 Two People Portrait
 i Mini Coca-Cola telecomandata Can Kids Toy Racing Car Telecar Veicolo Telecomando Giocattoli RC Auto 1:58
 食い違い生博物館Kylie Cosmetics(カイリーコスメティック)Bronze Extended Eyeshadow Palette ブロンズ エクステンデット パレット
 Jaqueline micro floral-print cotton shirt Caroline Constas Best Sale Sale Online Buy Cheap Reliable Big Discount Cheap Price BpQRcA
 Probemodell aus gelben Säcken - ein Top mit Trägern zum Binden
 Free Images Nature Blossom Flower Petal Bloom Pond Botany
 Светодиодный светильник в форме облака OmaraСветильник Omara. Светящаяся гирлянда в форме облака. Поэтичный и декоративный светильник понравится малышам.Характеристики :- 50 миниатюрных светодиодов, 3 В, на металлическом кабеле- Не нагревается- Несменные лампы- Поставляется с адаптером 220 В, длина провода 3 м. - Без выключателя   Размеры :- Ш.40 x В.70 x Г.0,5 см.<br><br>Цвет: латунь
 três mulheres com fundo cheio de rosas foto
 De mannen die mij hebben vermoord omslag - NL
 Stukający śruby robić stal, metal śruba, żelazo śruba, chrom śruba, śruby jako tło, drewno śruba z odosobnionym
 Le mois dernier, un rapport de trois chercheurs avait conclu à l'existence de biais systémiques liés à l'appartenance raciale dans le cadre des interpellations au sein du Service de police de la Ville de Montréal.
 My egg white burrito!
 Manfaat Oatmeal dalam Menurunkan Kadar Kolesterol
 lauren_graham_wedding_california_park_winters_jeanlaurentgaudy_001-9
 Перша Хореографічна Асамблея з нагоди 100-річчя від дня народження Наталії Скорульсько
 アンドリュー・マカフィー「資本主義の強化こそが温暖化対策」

___

● **What you are asked to do**
There is a line with "Le mois dernier, un" and a line with "Manfaat Oatmeal dalam" above. Copy exactly those two lines and all lines between them, with nothing else.

● **Written reply**
 Le mois dernier, un rapport de trois chercheurs avait conclu à l'existence de biais systémiques liés à l'appartenance raciale dans le cadre des interpellations au sein du Service de police de la Ville de Montréal.
 My egg white burrito!
 Manfaat Oatmeal dalam Menurunkan Kadar Kolesterol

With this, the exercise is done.